#### Task goal
Nothing outside the lines below from the one containing "3D model 【3D模擬-上等】10斤土黃『" through the one containing "#seo #seo2023 #googleadwords" is to be printed; print those exactly, ends included, and drop the pictures.

#### Data for this exercise
== Segment start ==
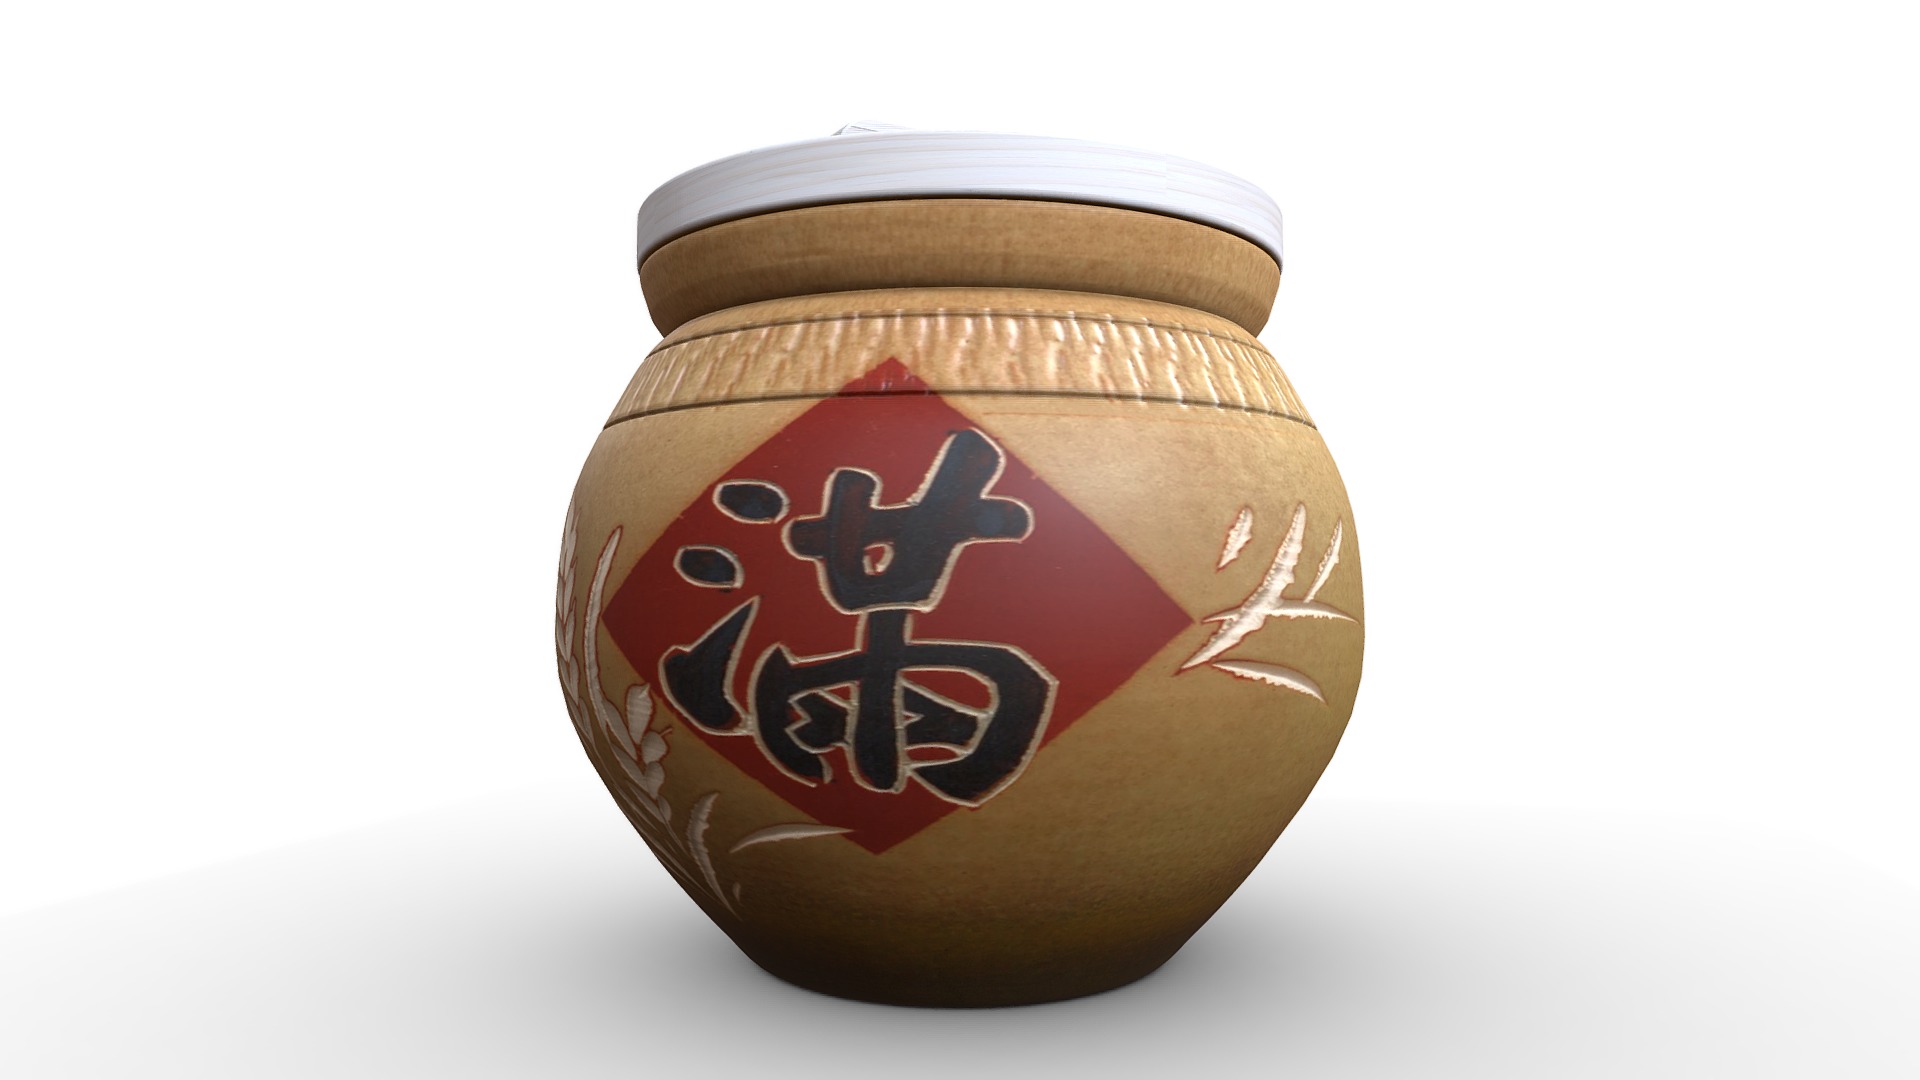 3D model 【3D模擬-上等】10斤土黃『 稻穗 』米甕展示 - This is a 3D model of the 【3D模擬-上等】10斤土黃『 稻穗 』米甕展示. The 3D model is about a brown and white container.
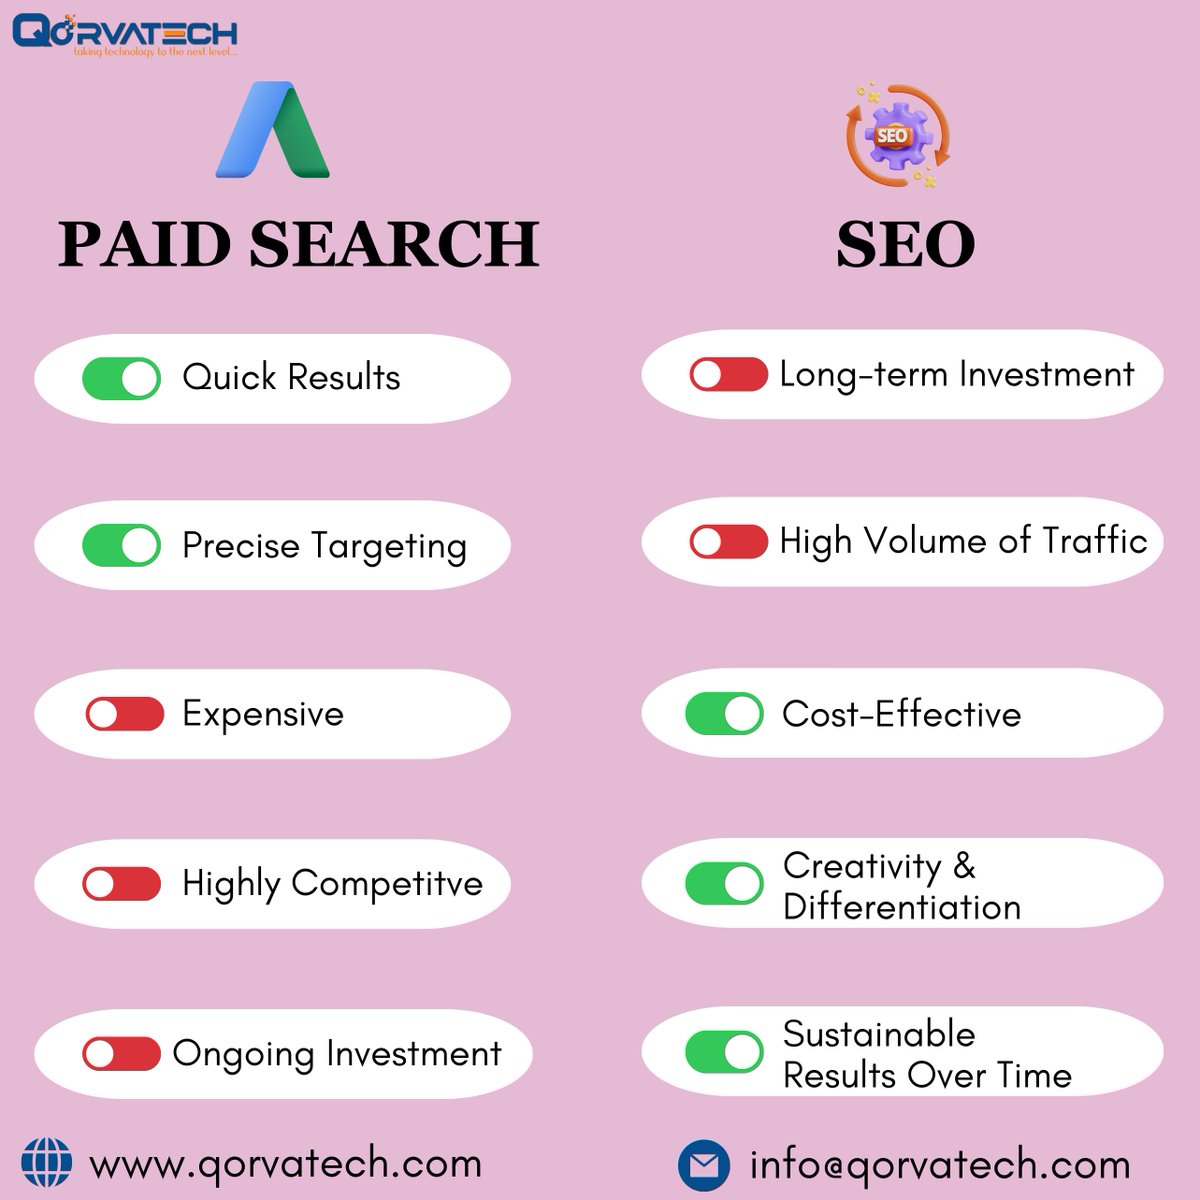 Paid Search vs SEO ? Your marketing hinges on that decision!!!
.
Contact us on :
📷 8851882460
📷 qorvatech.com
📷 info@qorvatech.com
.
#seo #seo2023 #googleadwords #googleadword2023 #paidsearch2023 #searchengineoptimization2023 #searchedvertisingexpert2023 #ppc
== Segment end ==
== Segment start ==
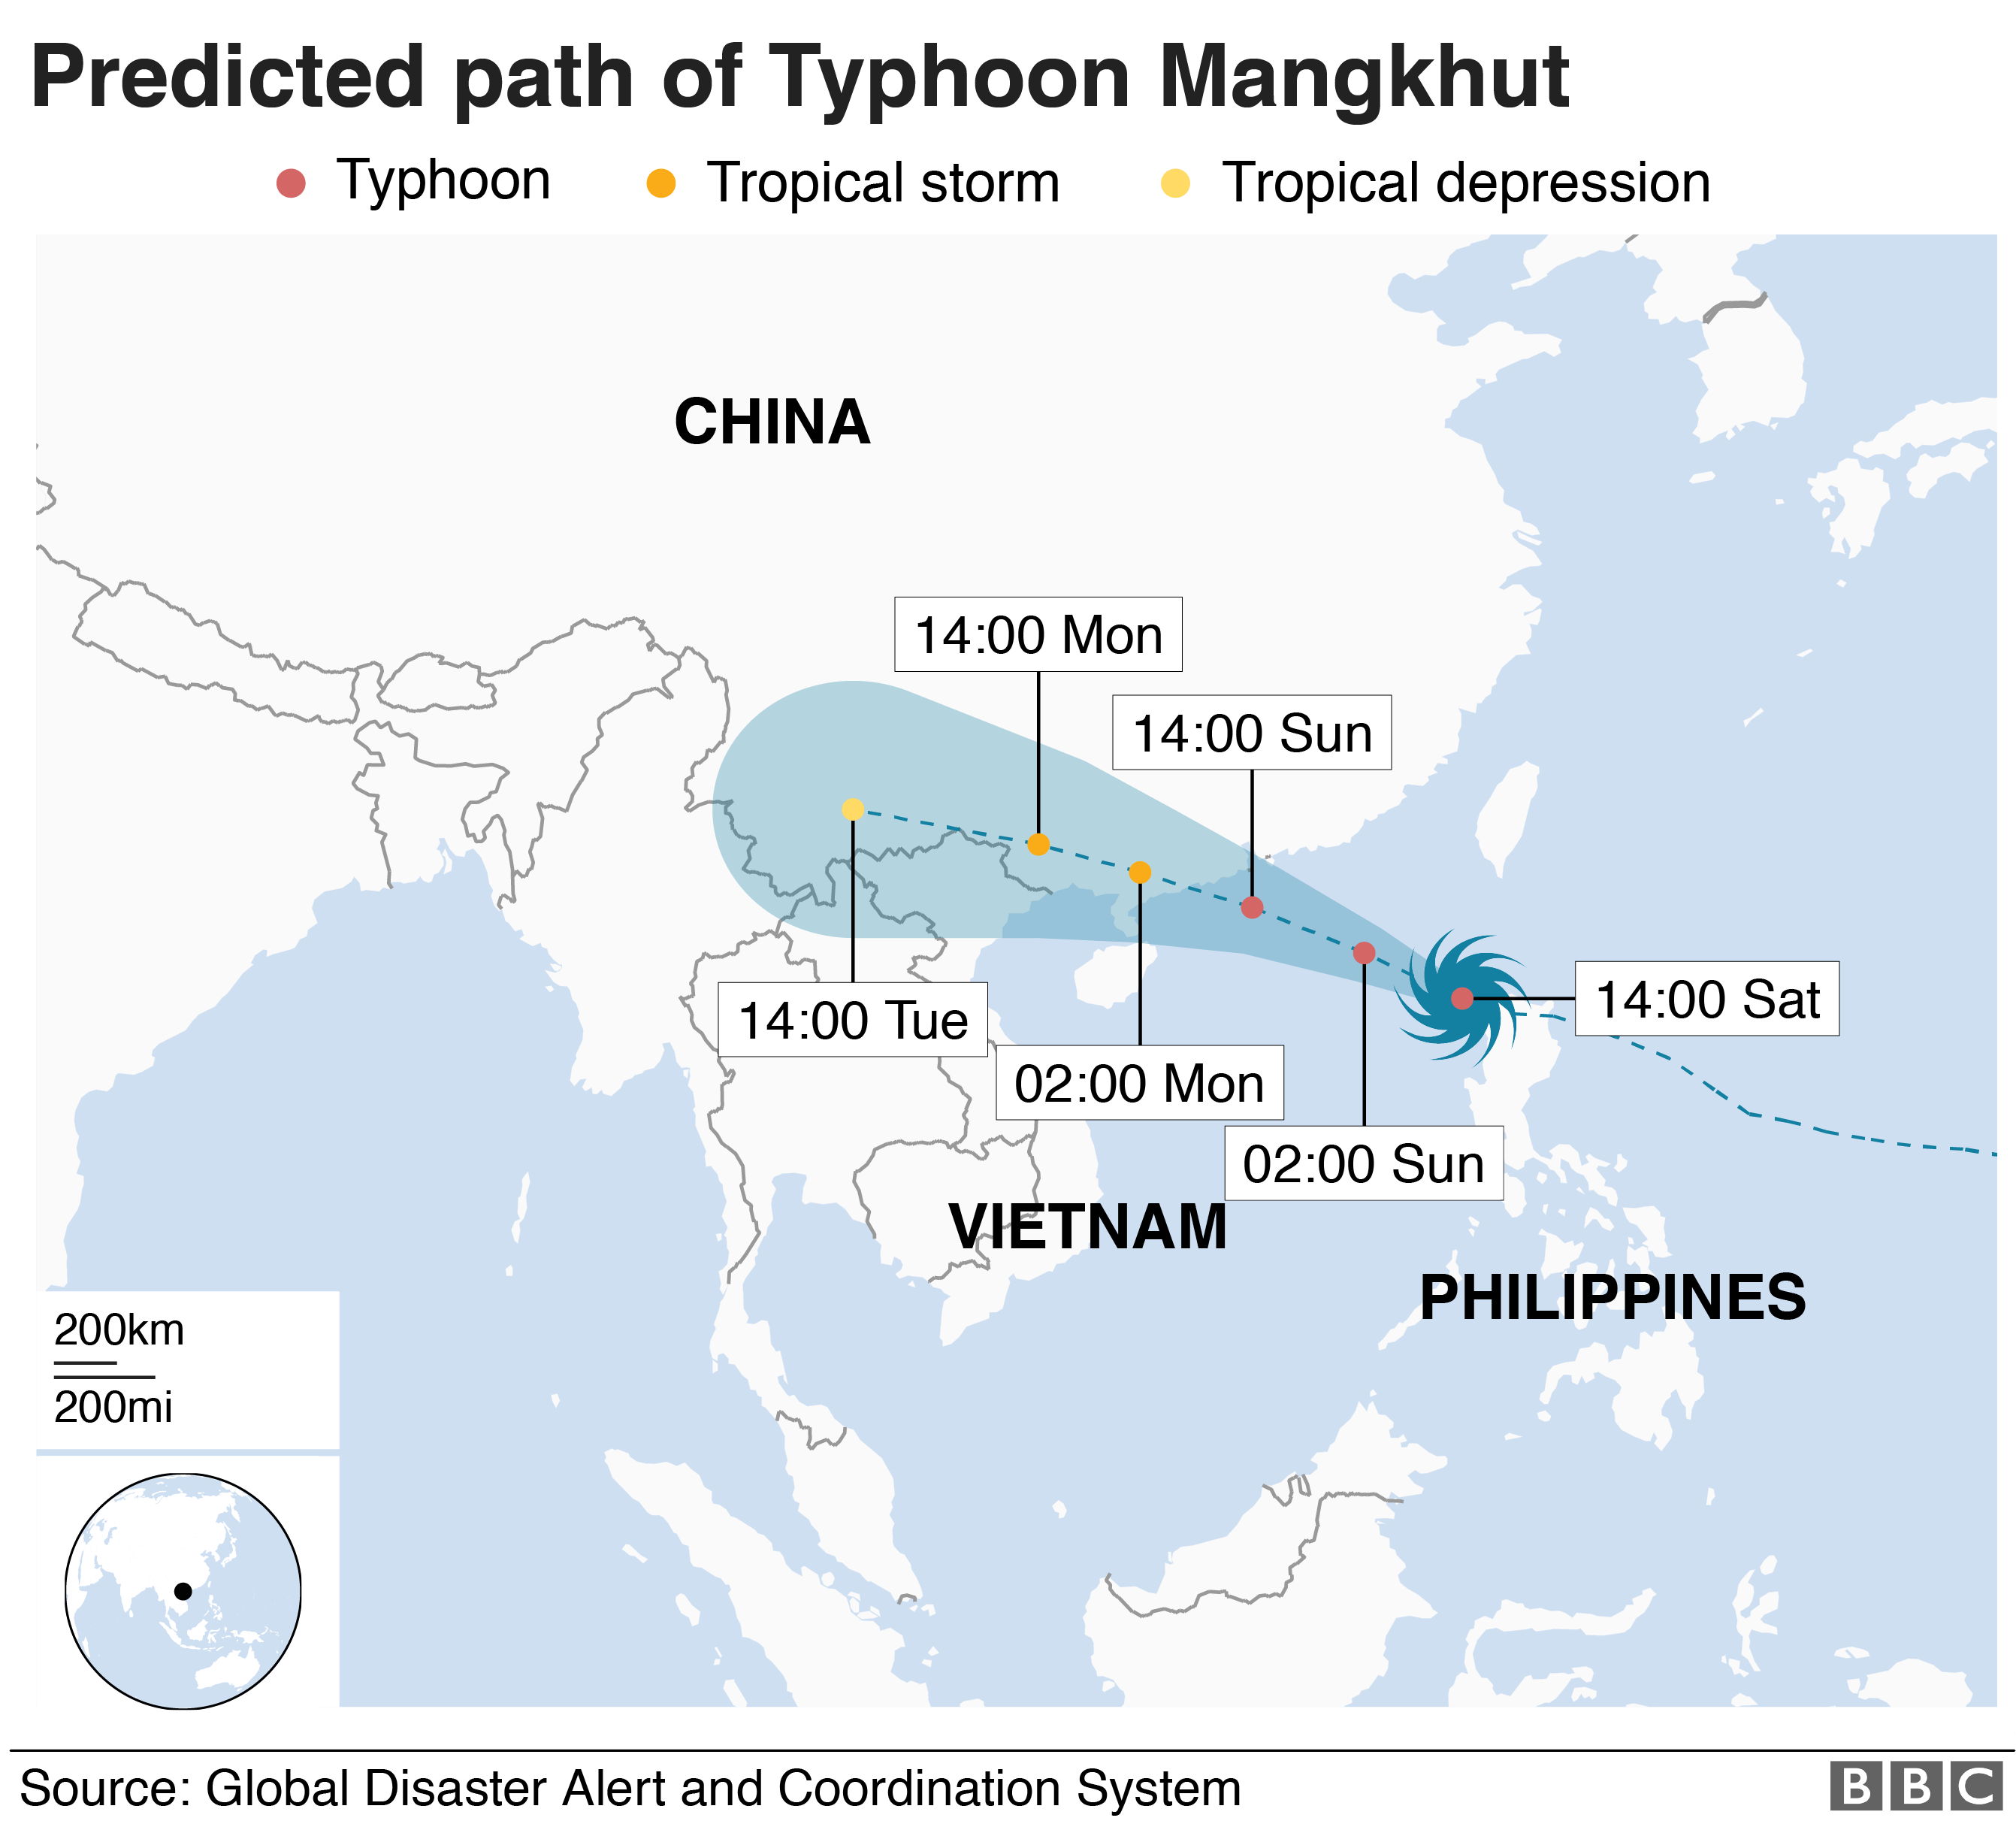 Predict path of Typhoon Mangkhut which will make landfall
== Segment end ==
#### Result
 3D model 【3D模擬-上等】10斤土黃『 稻穗 』米甕展示 - This is a 3D model of the 【3D模擬-上等】10斤土黃『 稻穗 』米甕展示. The 3D model is about a brown and white container.
 Paid Search vs SEO ? Your marketing hinges on that decision!!!
.
Contact us on :
📷 8851882460
📷 qorvatech.com
📷 info@qorvatech.com
.
#seo #seo2023 #googleadwords #googleadword2023 #paidsearch2023 #searchengineoptimization2023 #searchedvertisingexpert2023 #ppc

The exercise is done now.